И всё же он знал, что отныне не будет ему ни сна, ни покоя, пока он не найдёт способ держать проклятые артефакты под контролем. Пока не обезопасит себя от них. Как могло случиться, что власть фигурок, приведших его на папский престол, обернулась против него самого? Впрочем, власть — обоюдоострый нож. Он всегда это знал.
— А если, — медленно проговорил Родриго, — если не прикасаться к предмету? Не брать его в руки? Если он, например, упадёт на землю и останется там лежать, а его владелец умрёт. То чей он будет тогда?
— Должно быть... ничей, — с некоторым удивлением ответил Танзини.

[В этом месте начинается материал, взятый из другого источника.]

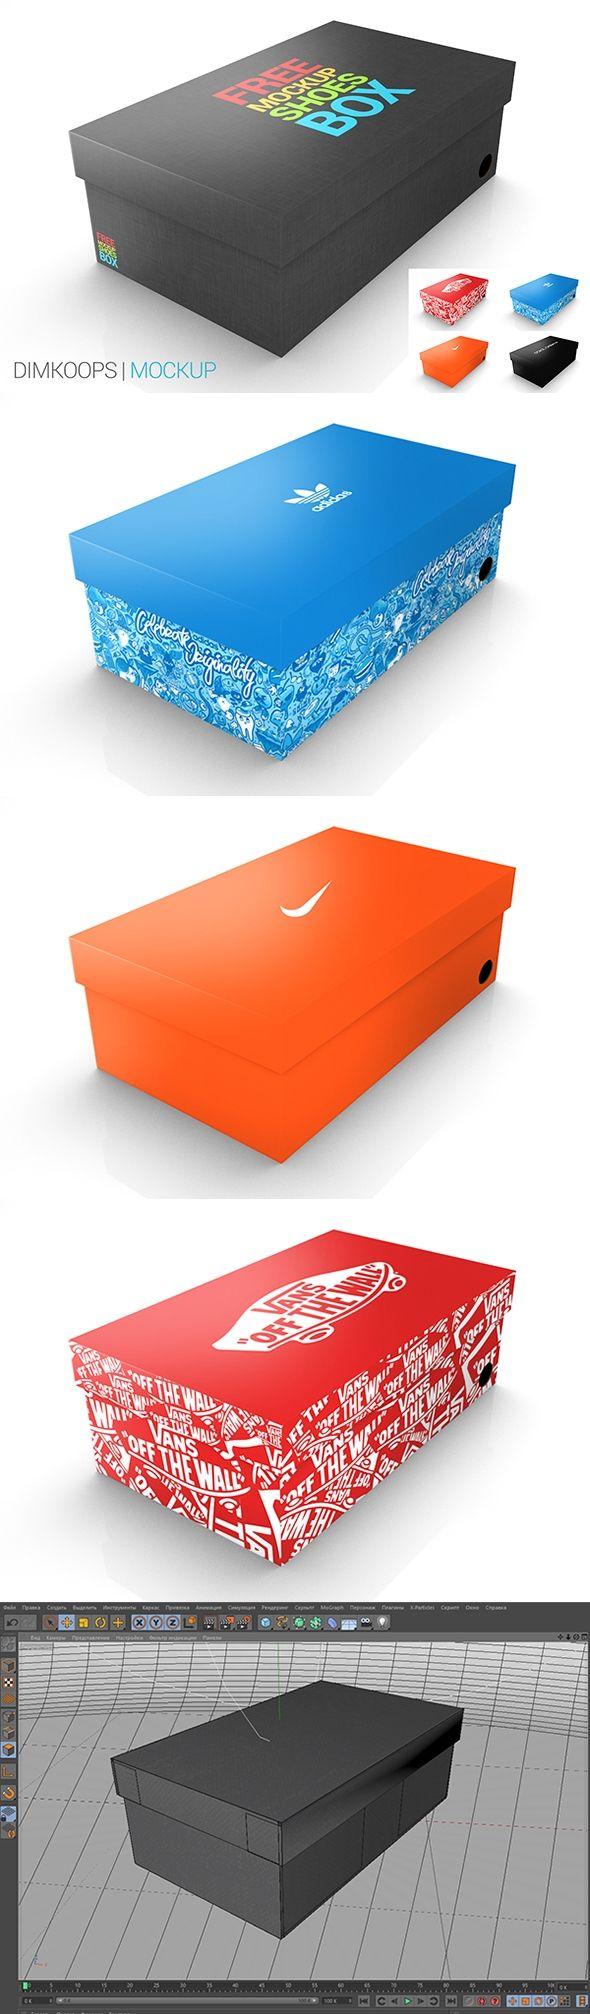 Download Free Mockup Shoes Box Desain Seni

Тревога снова заплескалась в его глазах, и он потянулся куда-то, должно быть, за ножом, припрятанным для крайнего случая. Родриго усмехнулся, забавляясь его неуклюжей попыткой спастись.
— Я понял, — сказал он. — Если все владельцы фигурок соберутся в одном месте и в одно время, и все погибнут, то получится, что артефакты освободились от старых хозяев, не обретя новых. Верно ли моё рассуждение, достойный брат Доминико?

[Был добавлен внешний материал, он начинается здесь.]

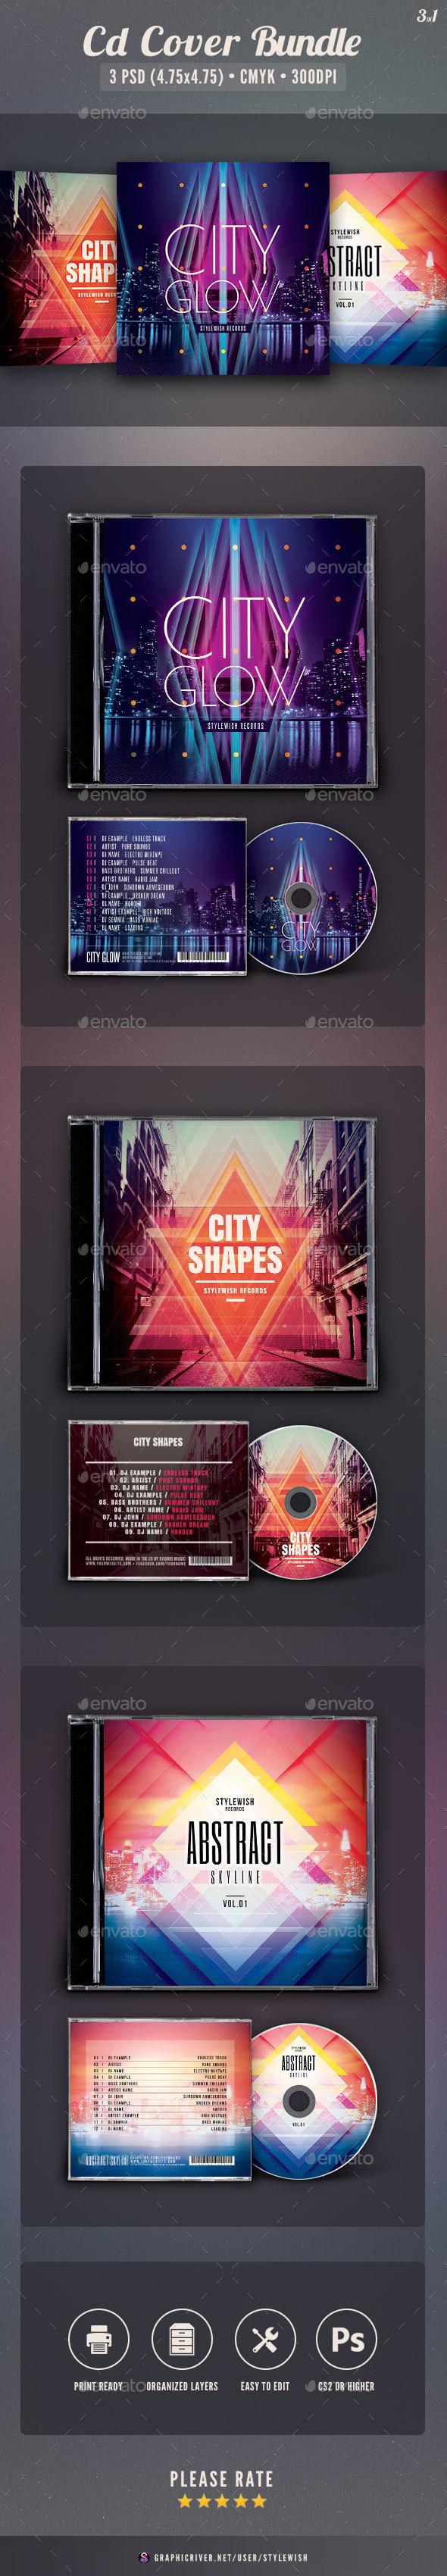 City CD Cover Bundle Vol.03 - CD & DVD Artwork Print Templates

— Да, в целом верно... ваше святейшество, — прошептал Танзини, пятясь вглубь часовни. — Но как все эти люди смогут... разве что какая-то удивительная случайность...
Родриго позволили себе ещё минуту понаслаждаться нарастающей в монахе паникой. Потом откинул голову и расхохотался. Это был звонкий, резкий, самоуверенный смех Родриго де Борха, испанского идальго, приехавшего покорять Рим. И покорившего его, в конечном счёте.
— О, это как раз сущие пустяки. Я многое знаю о случайностях, брат Доминико. Не меньше, чем Блаженный Августин знал об артефактах. Прими моё благословение, сын мой, пусть будет милосерден к тебе всеблагой Господь!
И, одарив ошарашенного монаха своим папским благословением, Родриго, продолжая смеяться, вышел из часовни вон.
Мичелотто ждал его, сидя на траве рядом с пасущимися конями. При виде хозяина он вскочил, вынул гарроту, вопросительно глядя на Родриго. Тот покачал головой. Решение пришло, а с ним — утерянная уверенность в том, что рано или поздно весь мир склонится к его ногам.
— Оставь, Мичелотто. Сходи внутрь, забери книги, но не трогай монаха. Для брата Доминико ещё не пробил его час.
Родриго вскочил в седло, а Мичелотто скрылся в часовне, и, когда дверь закрылась за ним, Родриго вполголоса договорил:
— Не здесь, и не теперь.
— Прекрасная монна...
— Тише, мессир!
— О, прекрасная монна, возжигающая неукротимое пламя в моём сердце...
— Молчите. Как вы вообще посмели заговорить со мной?! Столько людей...
В церкви и впрямь было полно народу. Мессу нынче служил кардинал делла Ровере, известный своим красноречием и ненавистью к папе, поэтому послушать его всегда собиралась толпа. Простолюдины толкались в задней части собора, на скамьях разместилась римская знать, было душно, тесно и довольно шумно: кто-то кряхтел, кто-то сопел, кто-то молился вслух, а кто-то весьма непристойно сморкался. Все эти естественные шумы надёжно приглушали воркование любовников, притаившихся в левом нефе собора, у надгробия папы Иннокентия VIII. Женщина под длинной чёрной вуалью, сжимая в руках свечу, с деланным возмущением выговаривала своему долговязому воздыхателю, пользовавшемуся теснотой и жавшемуся к прекрасной монне куда ближе, чем позволяли приличия. Монна притворялась, будто сердита, её возлюбленный — будто это ввергает его в отчаяние, хотя обоим безумно нравилась эта игра.